Self-evolution methods enhance code generation through iterative "generate-verify-refine" cycles, yet existing approaches suffer from low exploration efficiency, failing to discover solutions with superior complexity within limited budgets. This inefficiency stems from initialization bias trapping evolution in poor solution regions, uncontrolled stochastic operations lacking feedback guidance, and insufficient experience utilization across tasks.To address these bottlenecks, we propose Controlled Self-Evolution (CSE), which consists of three key components. Diversified Planning Initialization generates structurally distinct algorithmic strategies for broad solution space coverage. Genetic Evolution replaces stochastic operations with feedback-guided mechanisms, enabling targeted mutation and compositional crossover. Hierarchical Evolution Memory captures both successful and failed experiences at inter-task and intra-task levels.Experiments on EffiBench-X demonstrate that CSE consistently outperforms all baselines across various LLM backbones. Furthermore, CSE achieves higher efficiency from early generations and maintains continuous improvement throughout evolution. Our code is publicly available at https://github.com/QuantaAlpha/EvoControl.
Paper Structure (43 sections, 17 equations, 16 figures, 3 tables)

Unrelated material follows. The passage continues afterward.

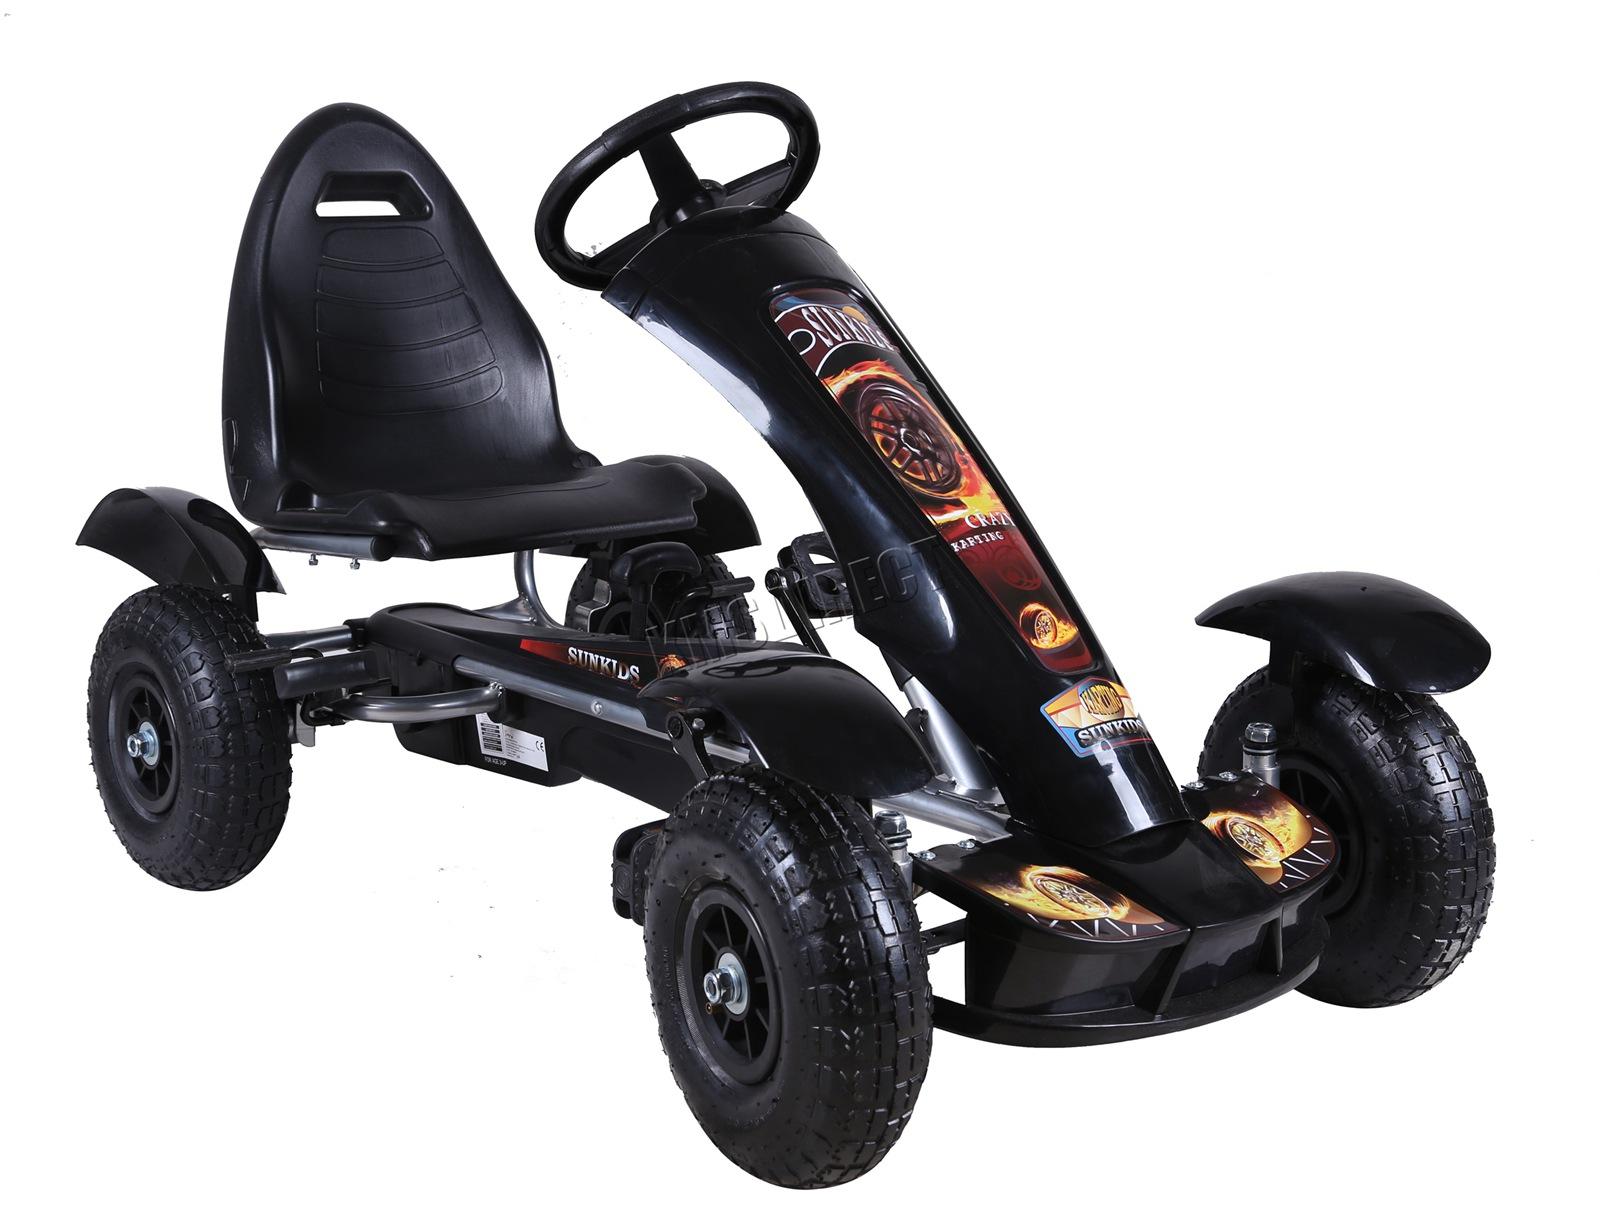 201701719267 2475 I 305 25 GOKART FH G03 BLACK KMSWM055 - Foxhunter Infantil Go Kart – Pedal Coche para Niños Gocart con Freno de Mano G03

This paper contains 43 sections, 17 equations, 16 figures, 3 tables.

Figures (16)

  • Figure 1: Controlled Self-Evolution improves exploration efficiency. (a) Existing self-evolution wastes budget on low-quality regions due to initialization bias, uncontrolled evolution and repeated failure. (b) CSE guides exploration toward higher-quality solutions through diversified initialization, controlled evolution, and experience reuse.
  • Figure 2: Overview of the CSE. Our method consists of three key components: Diversified Planning Initialization, Genetic Evolution, and Hierarchical Evolution Memory.
  • Figure 3: Best-so-far MI vs. generations. At each generation $t$, we report the best-so-far MI.
  • Figure 4: Synergy between Memory and other modules. We report MI and the gain $\Delta$MI from adding Memory to each module combination.
  • Figure 5: A Case Study of CSE evolution dynamics. To quantify progress, we plot the best-so-far raw memory-time integral (lower is better) against the number of generations. The case highlights the concrete logic of key initialization, mutation, and crossover steps, and contrasts the final evolved solution against the human solution.